:: Task details ::
Restate word for word the entries below, starting at the line with "2-kara-loryn-photography-wedding-bridal-bouquet" and ending at the line with "Luftaufnahme eines großen". Keep both end lines and omit the pictures.

:: Records supplied ::
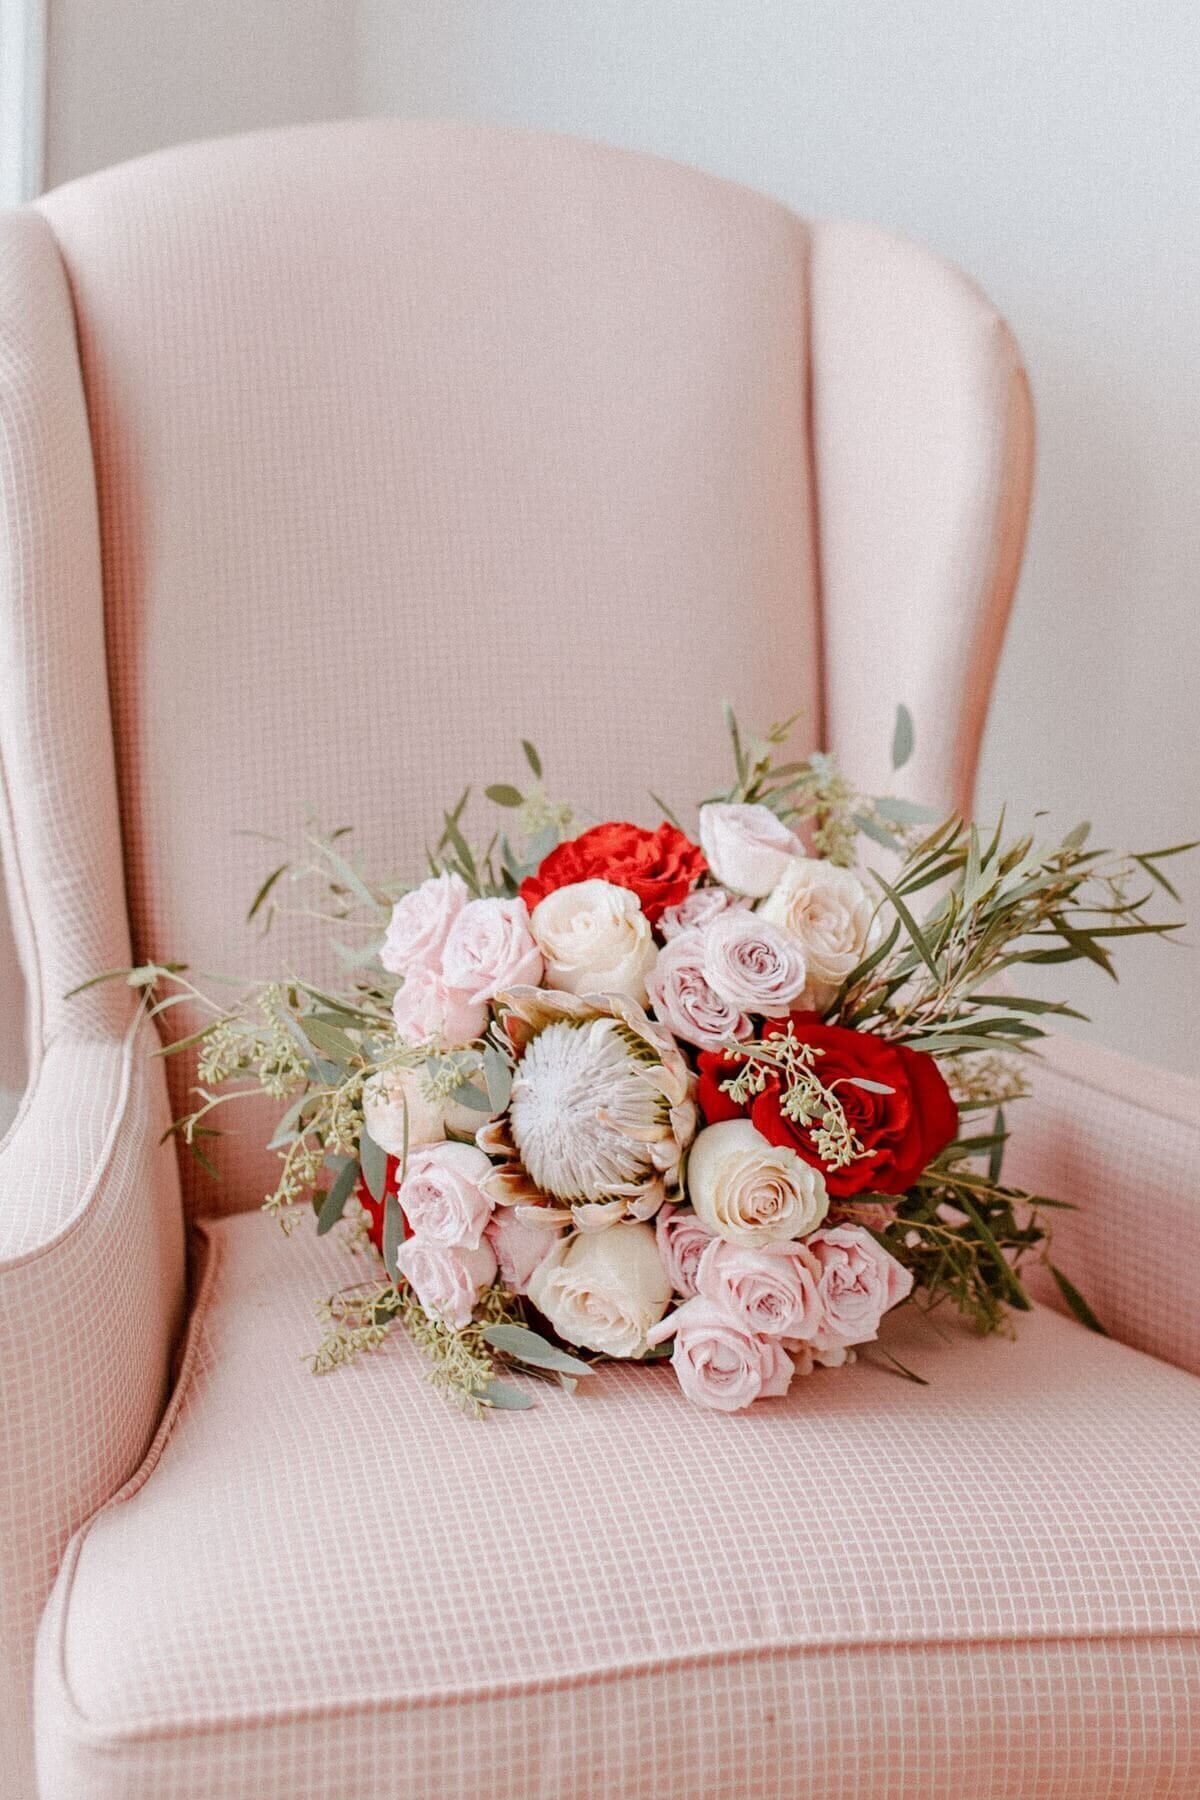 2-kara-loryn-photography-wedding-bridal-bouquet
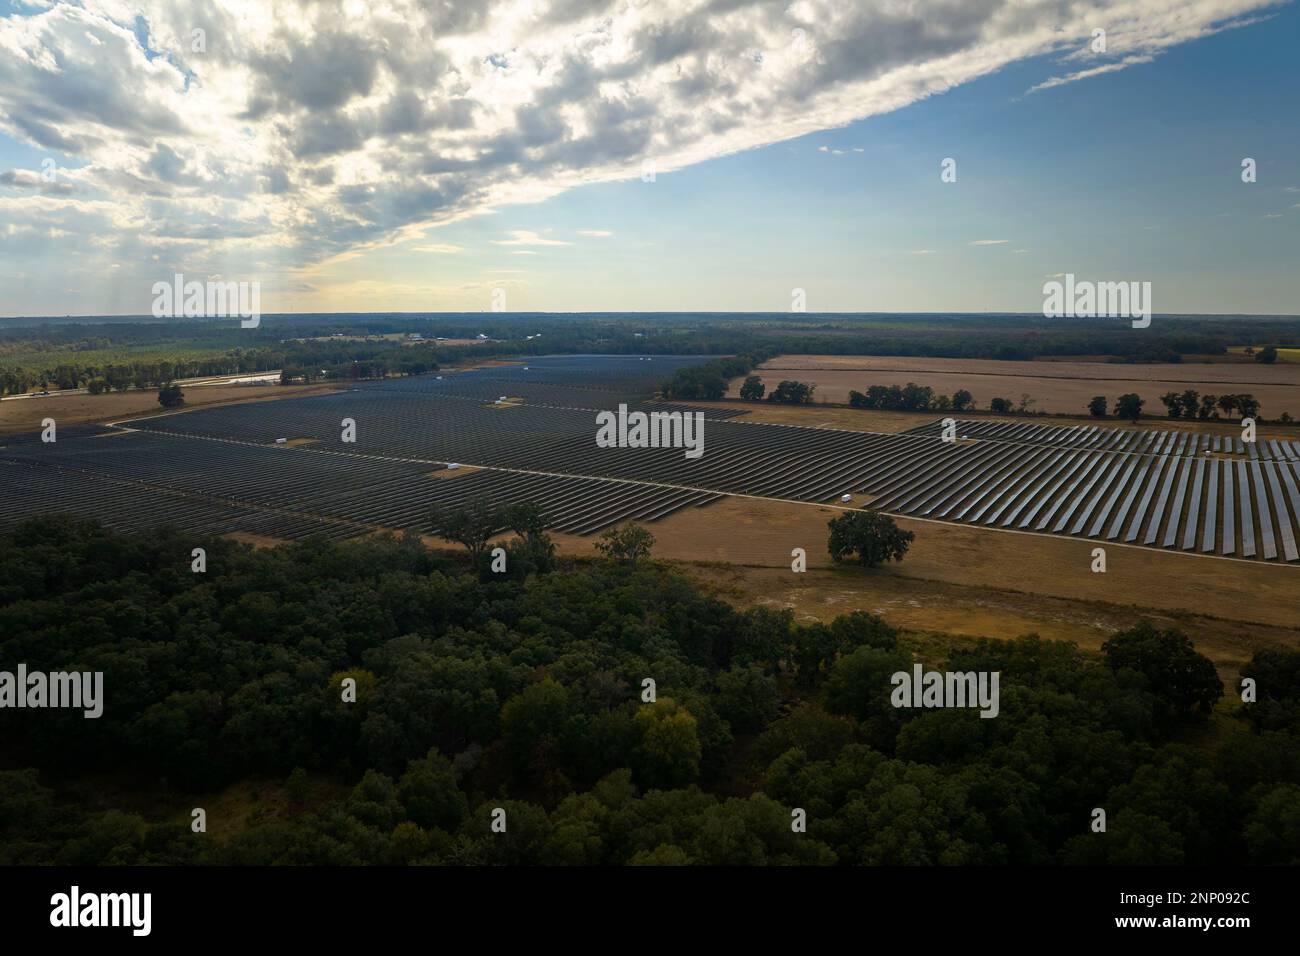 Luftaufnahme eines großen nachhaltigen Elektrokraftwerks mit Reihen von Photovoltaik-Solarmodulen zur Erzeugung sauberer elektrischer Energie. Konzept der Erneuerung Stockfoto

---

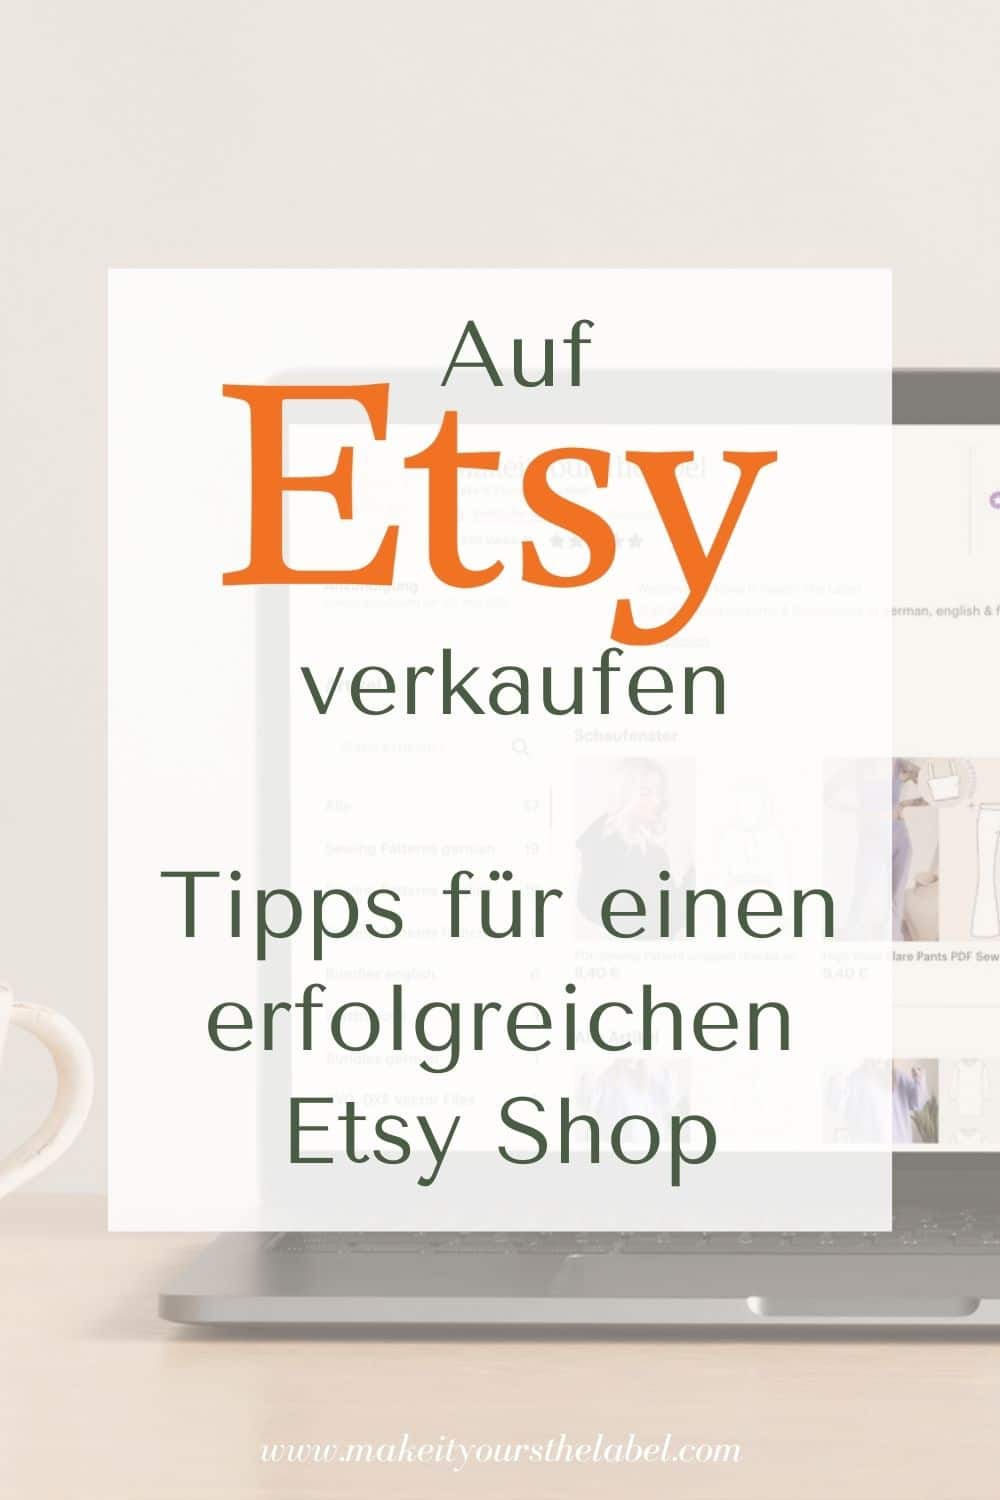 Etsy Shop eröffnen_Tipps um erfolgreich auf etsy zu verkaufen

:: Response to the task ::
 2-kara-loryn-photography-wedding-bridal-bouquet
 Luftaufnahme eines großen nachhaltigen Elektrokraftwerks mit Reihen von Photovoltaik-Solarmodulen zur Erzeugung sauberer elektrischer Energie. Konzept der Erneuerung Stockfoto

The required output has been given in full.